Demographic Differences of Adults with Diabetes Mellitus- cross-sectional study

Valmi D. Sousa, Jaclene A Zauszniewski, Carol M Musil

Introduction

Diabetes mellitus affects 20.8 million people in the United States,1 and this number will increase to 22 million by 2025.2,3 The disease has significant complications (retinopathies, nephropathies, neuropathies, coronary artery disease, cerebral vascular disease, and peripheral vascular disease) and is  associated with individuals’ personal and environmental factors, such as genetics, age, race/ethnicity, gender, education level, obesity, co-morbidity, and lifestyle.1,3-5

Research suggests that behavior modification to increase diabetes self-care activities is necessary to minimize the effect of these factors in the development and management of diabetes.6-8 Individuals who have confidence in their capability for self-care care (self-efficacy) and actually have the capability for self-care (self-care agency) are more likely to perform self care activities, such as diet and exercise adherence, blood glucose monitoring, and medication administration (oral hypoglycemic and/or insulin) and to manage appropriately their disease and maintain better glycemic control.9-14

Demographic characteristics of individuals with diabetes may influence self-efficacy, self-care agency, and self-care activities, though only few studies have examined the influence of these variables. Researchers have reported that older individuals are more likely to engage in self-care management15-17 and have better glycemic control18 than younger individuals, and that women have a higher level of self-care than males.19 Shorter duration of illness has also been related to greater self-care agency20 and better self-care.21 And, individuals with type 1 diabetes have greater self-efficacy than those with type 2 diabetes.22 However, no studies have examined the effect of a full range of demographics on self-efficacy, self-care agency, self-care activities, and glycemic control. In addition the effects of demographics on diabetes knowledge and social support are not known.
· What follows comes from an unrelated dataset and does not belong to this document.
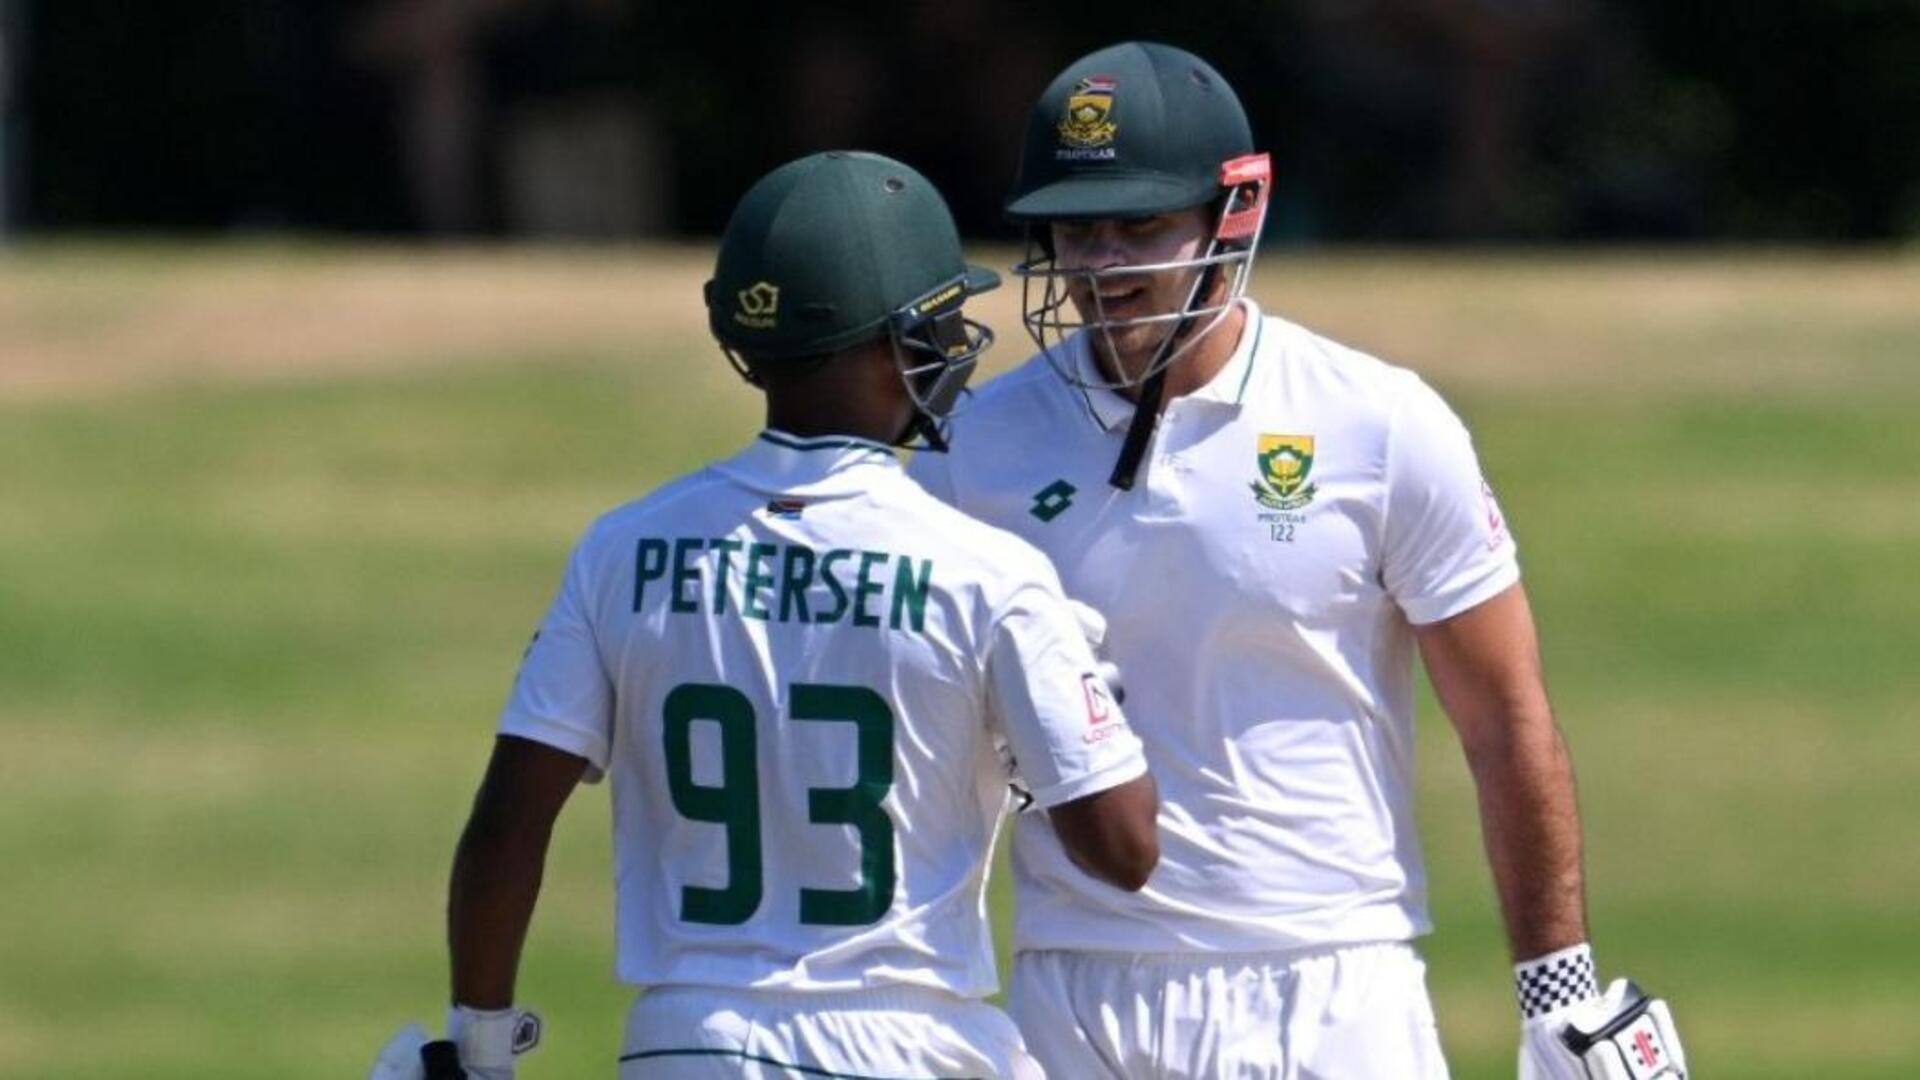 दूसरा टेस्ट: न्यूजीलैंड के खिलाफ दक्षिण अफ्रीका ने गंवाए अपने 6 विकेट, ऐसा रहा पहला दिन

Therefore, using the Enhance-Behavior Performance Model (E-BPM)12 as a conceptual framework, this study examined differences in scores on diabetes knowledge, social support, self-efficacy, self-care agency, self-care management, and glycemic control of individuals were males or females, younger or older, with less or more education, with type 1 or type 2 diabetes, and with a shorter or longer duration of diabetes. The E-BPM proposes that personal factors, which include demographic variables, may affect an individual’s performance of self-care activities to achieve a specific outcome. This model was developed from Orem’s23 Theory of Self-Care, Bandura’s24 Self-Efficacy Theory, and published empirical studies of the relationships among these theories’ concepts and related variables.12,13

Methods

Design and Sample

A descriptive, comparative, cross-sectional design was used in the study, which was a secondary analysis of data from a larger study that have been reported elsewhere.12,13 An institutional review board approved the parent study from which the data was taken. Subjects received all necessary information about the study, signed a consent form for participation and to gave permission to researchers review their medical record. Privacy and assurance of confidentiality were provided to each subject. All data were collected in a private office, each subject received a code number, and only researchers had access to the data.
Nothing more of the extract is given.